It’s hot housing market with data that’s a hot mess

The Johnson City metro area’s housing has again been tagged as a hot housing market heating up by Reltor.com. March’s Hotness Report identified the Kingsport-Bristol’s market as “slightly hot” and moving up.

That contrasts with the Wall Street Journal/Realtor.com Winter Emerging Housing Index. Johnson City has fallen from its previous top 10 status to #40 with a declining status. Kingsport-Bristol is ranked 26th in the nation in the winter index, with a status that is neither declining nor ascending.

And then there’s the Northeast Tennessee Association of Realtors (NETAR) March Home Sales Report. It points out existing home sales were up 38% from February and down 7.4% from March last year. NETAR’s report also said prices continued increasing at a double-digit pace. Some consumers wonder, how can sales be up and down and prices still increasing?

What consumers can gather from these and a multitude of battling indexes and opposing housing data points is we’re in a hot market that seems to be in a hot mess when it comes to explaining where it’s going.

There are some reliable forward-looking data for those interested in looking at three-month and 12-month moving averages. NETAR’s pending sales report is always a good indicator of what closing will look like a month or two down the road. And if you dig deep and look at the things like median time on the market, median listing price v. median sales price trends, and a couple of other wonky trend lines, there are insights to be had. But more often or not, the good is tossed out by clickbait reports and dueling spokespeople with strong opinions.

NETAR’s reports show there is some sales softening despite March’s month-over-month gyration. Much of that spike was driven by mortgage rate increases goosing buyers to lock in a rate. It’s a given that more increases are coming. How much and how fast is another matter.

Local data and the market dynamics also don’t support the claims that big price drops are just around the corner. The price growth rate will likely slow, and the annual rate increase will drop back in the single digits, but a big price drop is not likely given current conditions.

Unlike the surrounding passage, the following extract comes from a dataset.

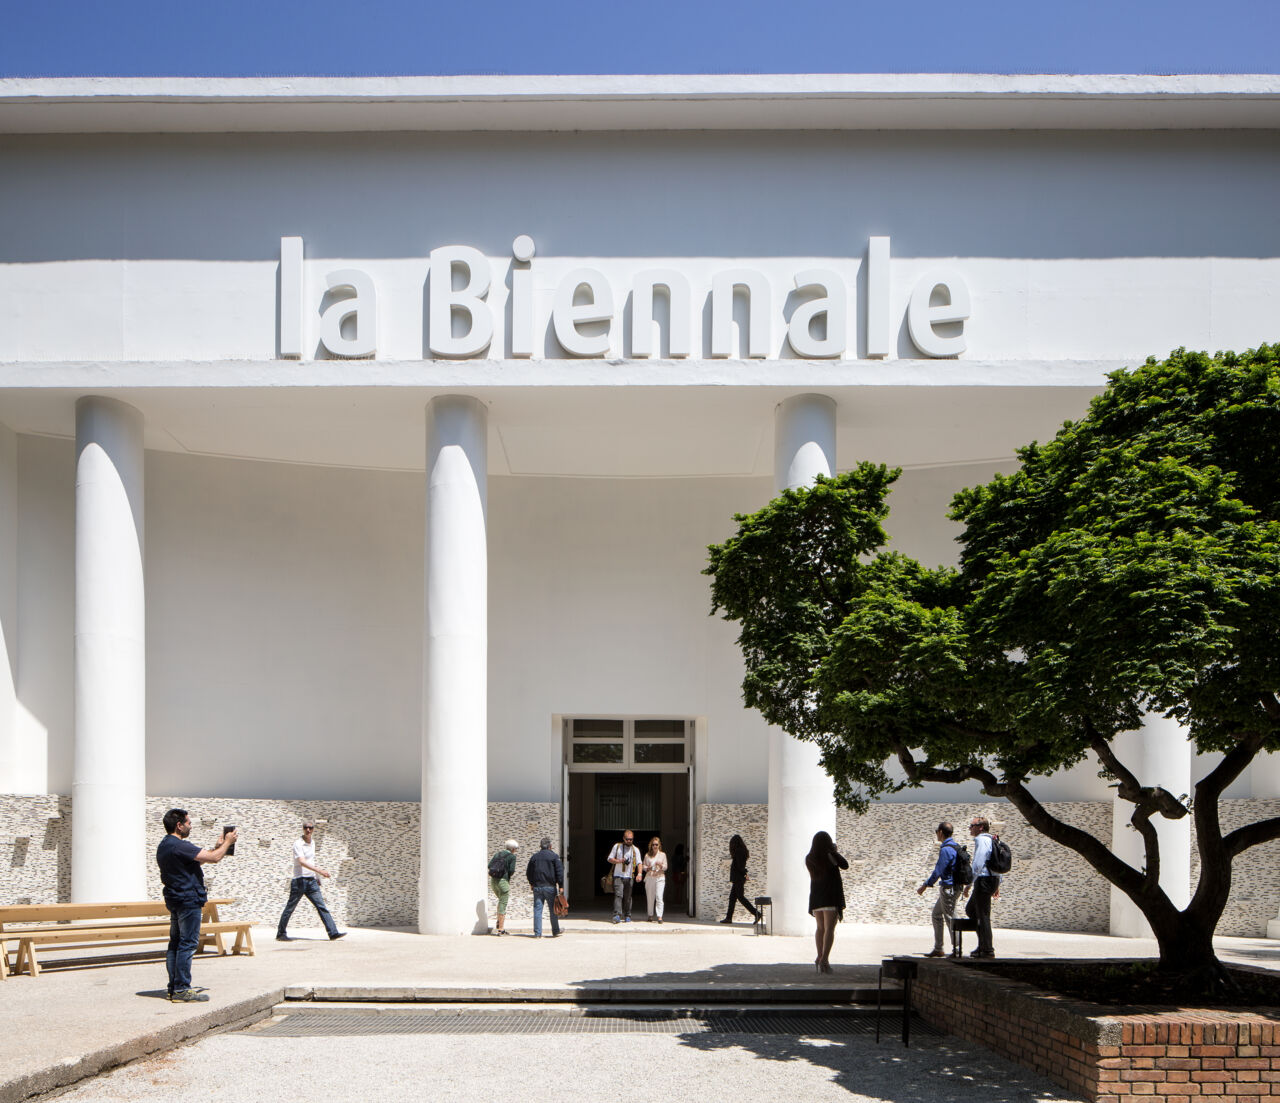 Biennale Venedig 2023 11 Highlights von der Architekturbiennale

The Emerging Markets Index is bouncing around and beginning to lose a little luster with some readers since the rankings don’t square with most market trend data. But it’s an index with half of its data based on housing and half on economic and socioeconomic data. So that should be expected. It’s billed as a tool to help readers find good places to invest in real estate in good places to live. So far, there are a lot of them.

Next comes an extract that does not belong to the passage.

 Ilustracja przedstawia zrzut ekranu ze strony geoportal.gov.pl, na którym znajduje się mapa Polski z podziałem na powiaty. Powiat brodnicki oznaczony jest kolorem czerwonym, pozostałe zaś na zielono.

Realtor.com’s Hotness Report, which hopefully has resumed as a monthly report, has trend-tracking merit. It’s based on market demand, as measured by unique viewers per property on Realtor.com. The pace of the market is measured by the number of days a listing remains active on Realtor.com.

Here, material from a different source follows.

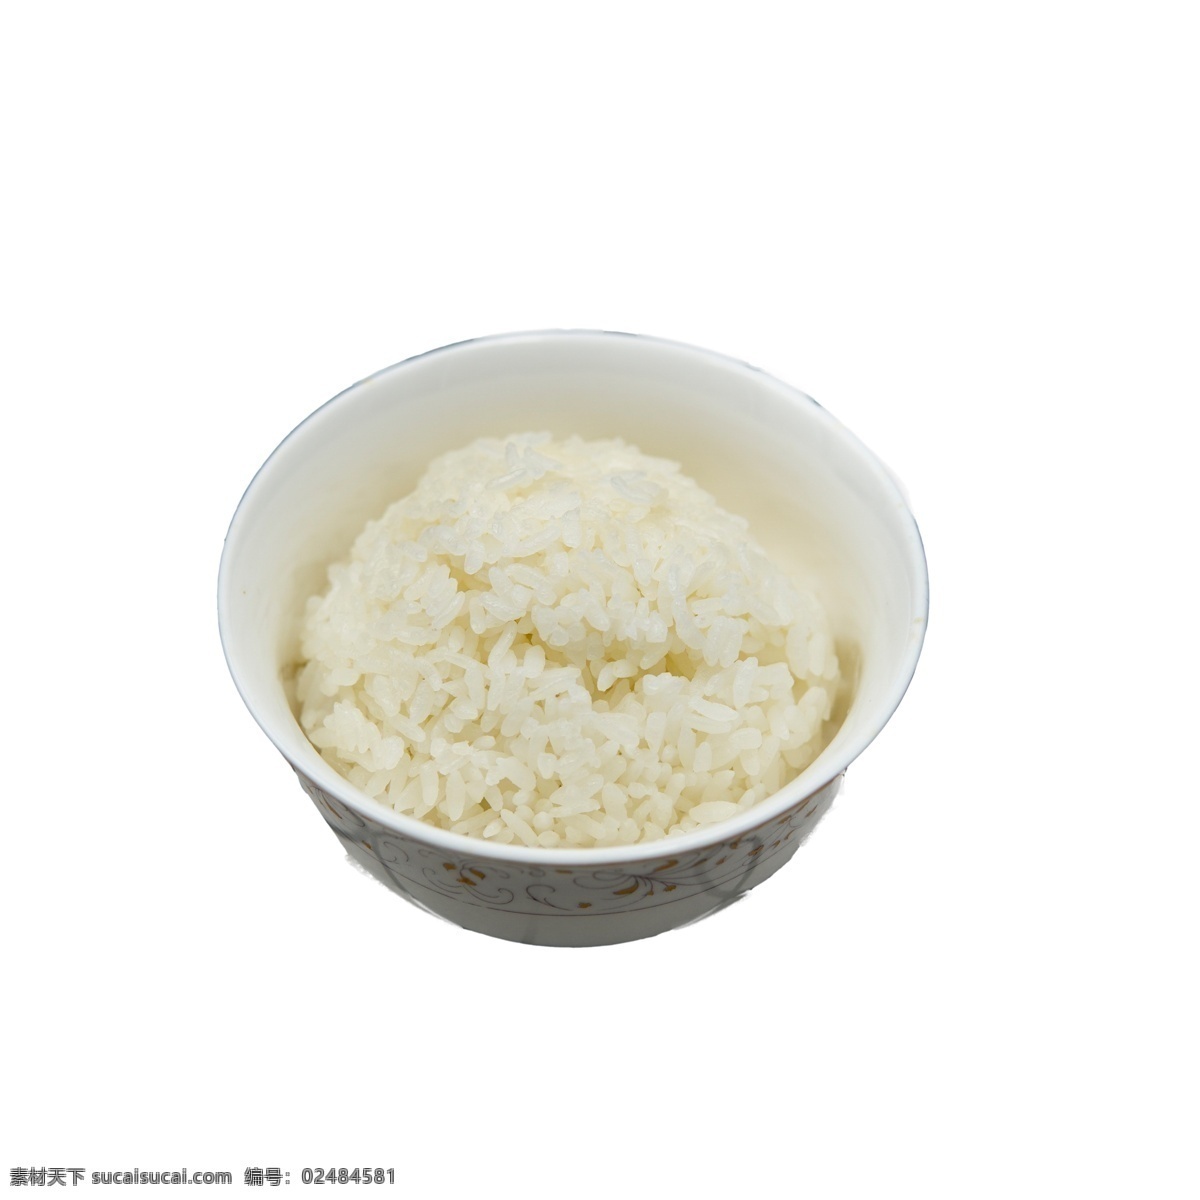 一碗米饭 米饭 白米饭 产品实物 实物产品 实物 免扣实物

Here’s how March’s hotness analysis looked.


  • Hot market moving up compared to last month and last year.
  • Ranked #13 out of 300 metro areas.
  • Inventory moving 17% faster than last year and 10.5 days faster than the U.S. overall.
  • Average listing views 2.9 times higher than the U.S. average.


  • Slightly hot market heating up from last month and last year.
  • Ranked #44 out of 300 metros.
  • Inventory moving 41% faster than last year and 1.5 days faster than the U.S. overall.
  • Average listing views 2.4 times higher than the U.S. average.